— В Америке воздух пустой, — сказала я. — Никогда не учуешь, что вокруг тебя, пока не сунешь нос прямо внутрь.
— Вероятно, поэтому они и не знают про Мобуту, — предположил он.
Анатоль получал стипендию за педагогическую практику, аспиранты называли ее «подачкой», хотя она была больше, чем мы вдвоем зарабатывали в Конго за год. Мы снова жили в семейном студенческом общежитии, в многоквартирном комплексе из клееной фанеры, расположенном в сосновой роще. Единственной темой разговоров наших молодых соседей была неадекватность этого убогого жилья. Нам же с Анатолем оно представлялось неправдоподобно шикарным. Стеклянные окна со щеколдами на каждом, два замка на входной двери, хотя красть у нас было нечего. Водопровод с горячей водой, текущей прямо из-под крана, один в кухне, другой — в десяти шагах от нее, в ванной!

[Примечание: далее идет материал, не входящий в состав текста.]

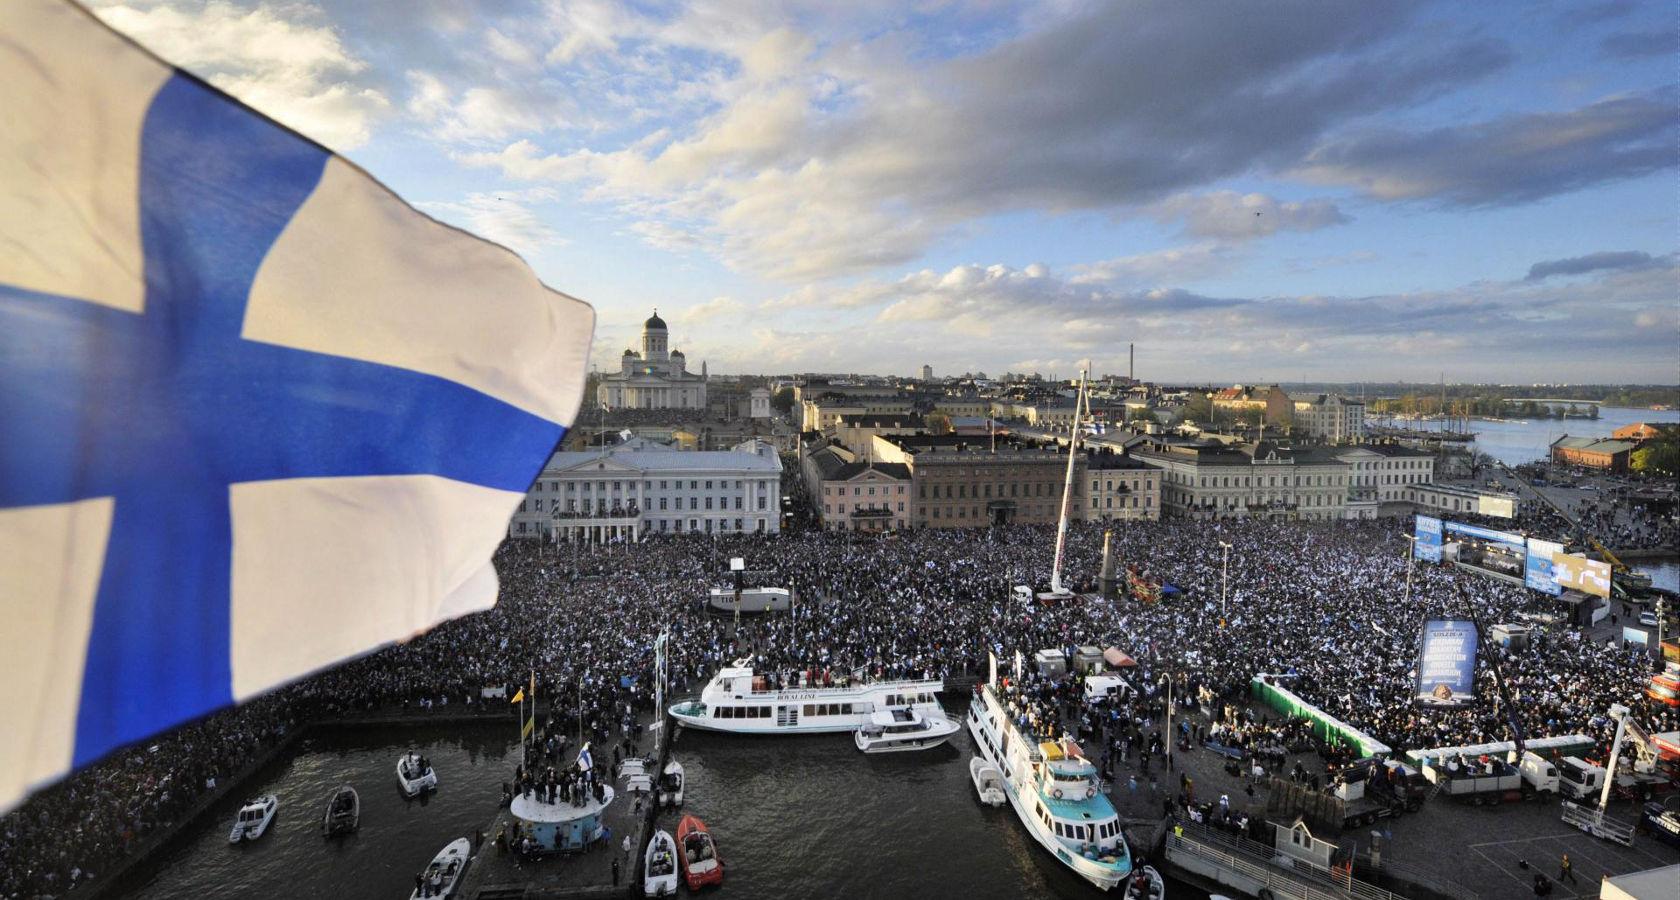 Образование Финляндии как государства

Мальчики то тосковали по дому, то с ума сходили от радости. К чему-то они пристрастились в Америке (и это меня тревожило), а что-то полностью игнорировали (и это беспокоило меня даже сильнее). Например, то, как доброжелательные белые люди общались с моими трехъязычными детьми (они легко переходили с французского на лингала и английский, на каждом из которых говорили с едва заметным акцентом) оскорбительно громко и нарочито раздельно, как с малышами. Студенты Анатоля в сущности делали то же самое, не удерживаясь от того, чтобы постоянно учить его демократии и правам человека. Эти заносчивые второкурсники понятия не имели о том, что творит их страна с его страной. Анатоль рассказывал мне об этом по ночам безо всякого возмущения; я раздражалась, бросалась подушками и выкрикивала проклятия, а он лишь нежно пытался успокоить меня на нашей двуспальной общежитской кровати.
Граждане моей страны смотрели на моего мужа и детей, как на дикарей или отклонение от нормы. Издали, завидев нас на улице, они хмурились, принимая нас за уже знакомое и презираемое ими бедствие: пару смешанной расы с детьми-полукровками в качестве свидетельства наших грехов. А подойдя поближе, вперялись взглядом в Анатоля, и недовольство сменялось ужасом в их глазах. Значение мастерски нанесенных на его лицо воина изящных шрамов было так же чуждо им, как слова, произнесенные на лингала. Это была для них тайна за семью печатями. Даже мамины друзья, которые старались быть деликатными, не спрашивали меня ни о происхождении Анатоля, ни о его талантах. Когда он выходил из комнаты, они лишь шепотом интересовались: «Что с его лицом?»
Анатоль утверждал, будто ошарашенные взгляды его не раздражают. К тому времени он уже много времени провел среди людей, считавших его чужаком. Но я не могла терпеть подобного высокомерия по отношению к нему. У него на родине люди, ценившие интеллект и честь, считали Анатоля исключительно красивым, хорошо воспитанным и образованным. Все детство я привыкла чувствовать себя виноватой в том, что искалечила жизнь своей сестре-близняшке, которая протиснулась на свет увечной вслед за мной. Не могу я тащить за собой еще и мужа с сыновьями в жизнь, где их красота, едва раскрывшись, увянет во тьме.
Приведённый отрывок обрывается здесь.